Boris grabbed the bag (he found it hard to act like a gentleman in the presence of honey) and swallowed it whole. ‘Mmm, delicious,’ he said.
‘How do you know?’ asked Nanny Piggins. ‘You didn’t even take the sandwich out of the plastic bag!’
‘My stomach knows,’ said Boris, ‘and it is grateful I didn’t waste any time with unwrapping.’
‘Now we’d better rescue the others,’ said Nanny Piggins.
‘Don’t waste time!’ urged the producer from down in the lift shaft. ‘Go and join in the debate!’
Nanny Piggins peered down into the darkness.
‘That is the difference between you, a TV producer, and me, a normal, morally balanced pig,’ said Nanny Piggins. ‘You think it is more important that I go and contribute to some mundane television program that everyone will forget as soon as it is over. Whereas I think it is more important to rescue three children, and you, from being trapped inside a lift shaft.’
‘You can rescue us later,’ cried the TV producer.
‘It’s sad really,’ said Nanny Piggins conversationally to her brother. ‘Everyone in television has Stockholm Syndrome regarding their job. What sort of mayoral candidate would leave a seven-year-old, a nine-year-old, an eleven-year-old and a very silly grown woman stuck in a lift shaft just so they could appear on television.’

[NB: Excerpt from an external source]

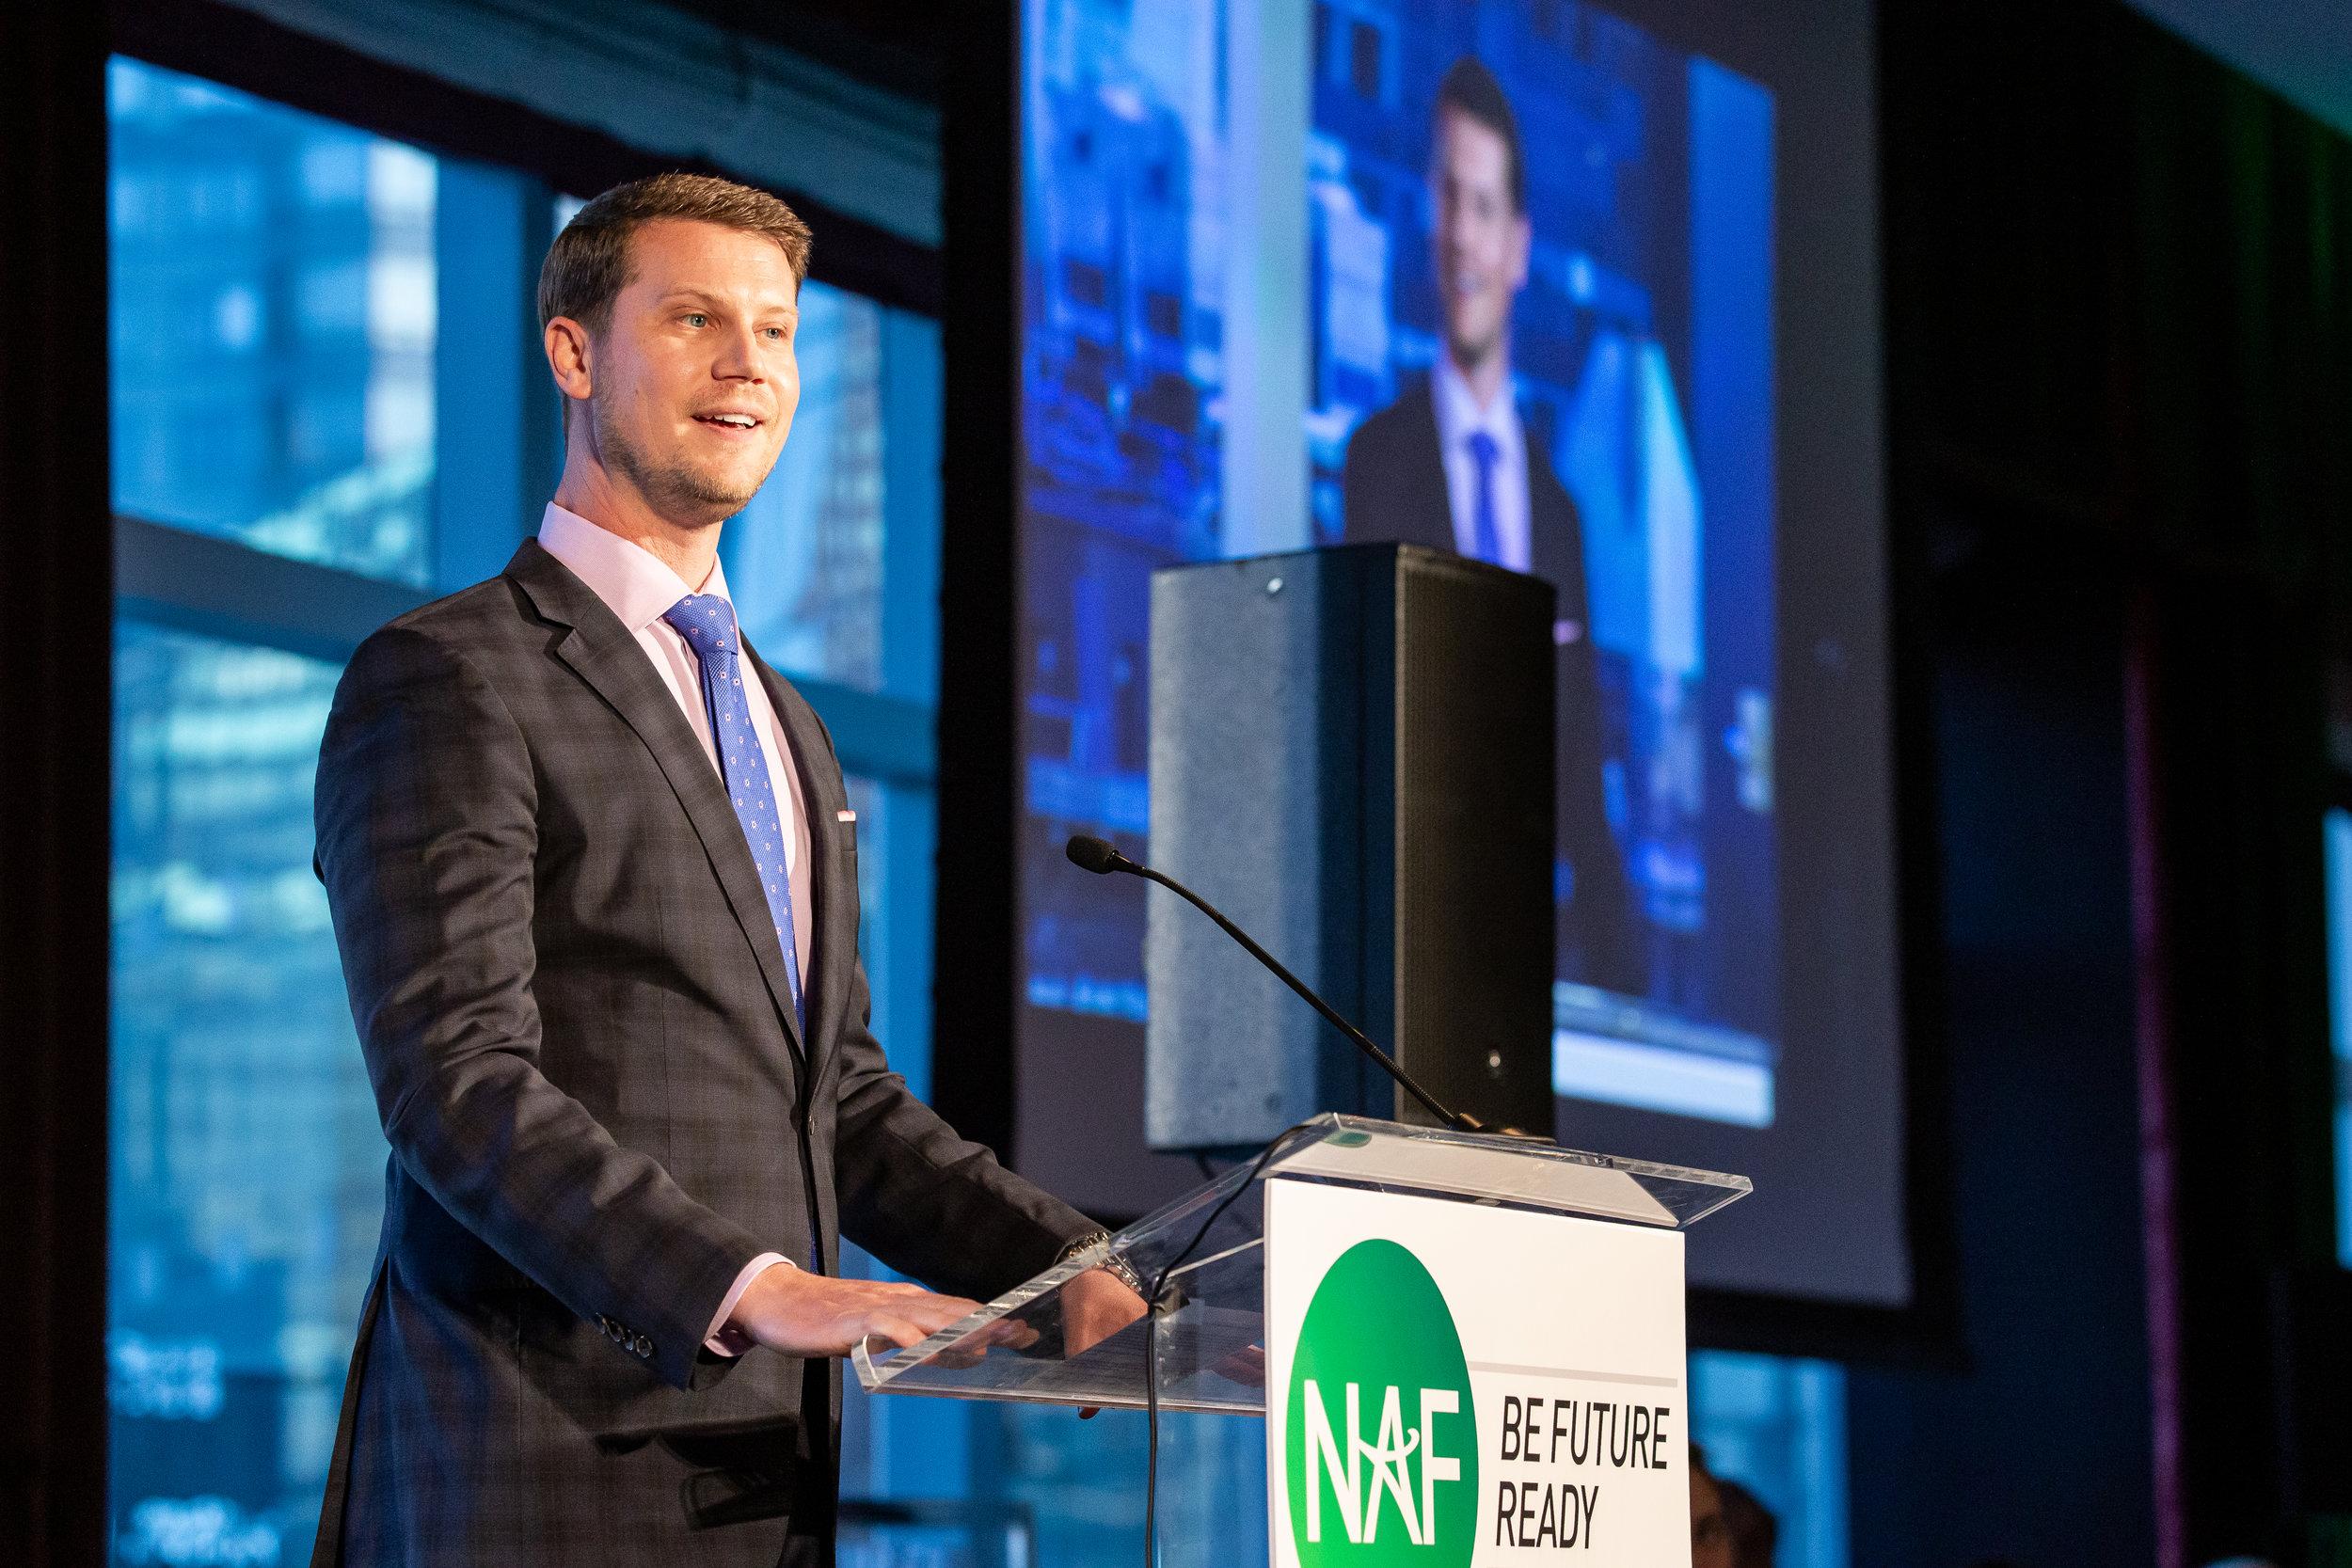 President of Lenovo North America Intelligent Devices Group, Matt Zielinski's

‘A winning one,’ argued the producer.
‘Derrick, give that woman a chocolate bar,’ called Nanny Piggins. ‘She’s talking absolute rubbish and I’m sick of listening to it.’

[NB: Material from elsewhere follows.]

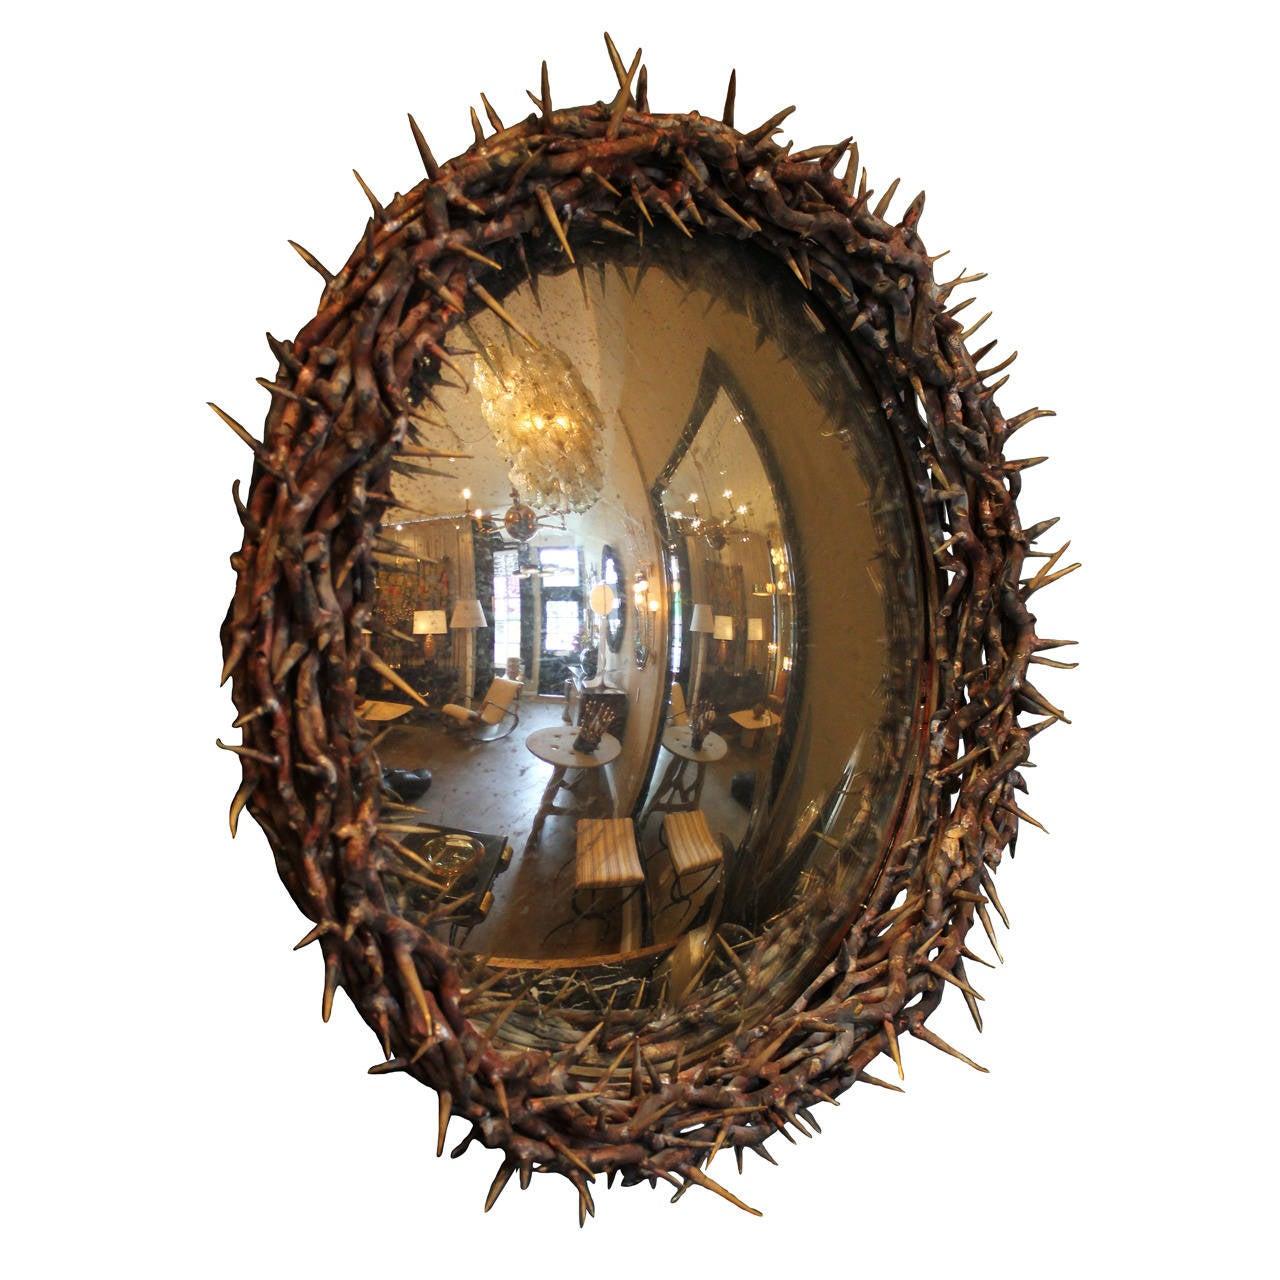 Large Onik Agaronyan Convex Crown of Thorns Mirror

/> ‘How are we going to get them up?’ asked Boris.
‘I was thinking we could put a whole heap of explosives at the bottom of the lift shaft and blow the lift right out of the building,’ suggested Nanny Piggins.
‘Do we have any explosives in the car?’ asked Boris.
‘No,’ conceded Nanny Piggins. ‘I took them all out so we could get more cake in the boot.’
‘How about I just pull the lift up, hand over hand, using the lift cable?’ suggested Boris.
‘Do you think you could?’ asked Nanny Piggins.
‘Oh yes,’ said Boris, ‘if I did it quickly, while the honey sandwich in my stomach is still giving me lots of energy.’
And so that is what they did. Boris pulled up the lift until Nanny Piggins could reach down through their improvised service hatch and pull the children out one at a time. Nanny Piggins even pulled the producer out, although she did seriously consider leaving her there in the dark, stuck in a lonely lift shaft – to give her the opportunity to rethink her sordid profession.
‘Where’s this debate then?’ asked Nanny Piggins.
‘Through the big double doors,’ said the producer.
‘Let’s get stuck into some political discourse,’ said Nanny Piggins with a menacing gleam in her eye.
She strode forward and kicked open the double doors, which wasn’t the most sensible thing to do because they were swinging doors, so they immediately swung back at her. Fortunately Nanny Piggins was a gifted athlete so she deftly stepped forward, allowing the doors to swing back and hit the producer on the nose.
‘Right,’ said Nanny Piggins, pointing her trotter at Mr Green and Mayor Bloomsbridge. ‘Which one of you naughty men is responsible for me being trapped in the lift?’
The audience was riveted. Several of them had fallen asleep during the long, boring and pompous monologues each candidate had already indulged in, and the ones who had not fallen asleep desperately wished they could, or fall unconscious, or astral-project their minds to a parallel universe. So they were delighted to see a grease-smeared pig in a hot-pink wrestling leotard burst into the studio and start yelling.